А на всяких делах закрепляют и помечают думные дьяки, а царь и бояре ни х каким делам, кроме того что послы прикладывают руки к договорным записям, руки своей не прикладывают, для того устроены они думные дьяки.

В. О. Ключевский разъясняет:

Думный разрядный дьяк имел значение государственного секретаря.
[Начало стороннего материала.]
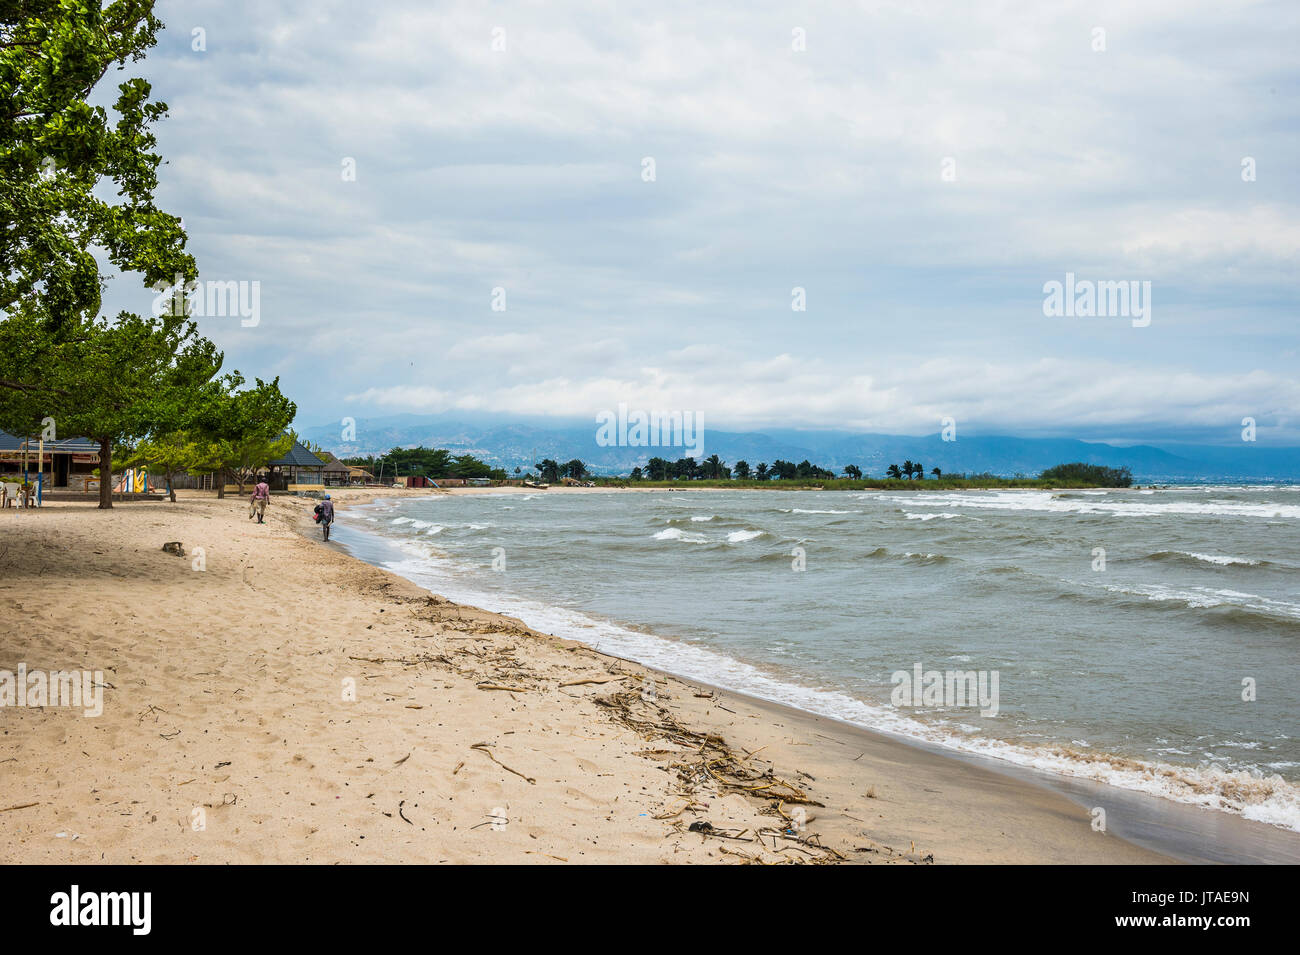 Spiaggia sulle rive del lago Tanganica, Bujumbura, Burundi, Africa Foto Stock

Постоянное присутствие в думе начальников важнейших приказов сообщало ей вид совета министров.

Кроме работы в Боярской думе, должность думного дьяка предполагала функции исполнительной власти по ведомствам, отчасти, напоминая деятельность современных руководителей министерств или глав управлений.

Ключевский обосновывает это следующим образом:

Дела посольские, разрядные и поместные непосредственно вела сама дума; потому приказы, в которых сосредоточивались эти дела, были как бы отделениями думской канцелярии; потому же во главе их и стояли дьяки, а не бояре или окольничие.

Чин — думный дьяк

Чин думного дьяка являлся четвёртым, самым низшим чином в структуре Боярской Думы по отношению к другим думным чинам: боярин, окольничий, думный дворянин. По чину, думный дьяк обладал только совещательным голосом, тем не менее, в разрядных книгах можно обнаружить упоминание думных дьяков выше, чем перечисление московских дворян.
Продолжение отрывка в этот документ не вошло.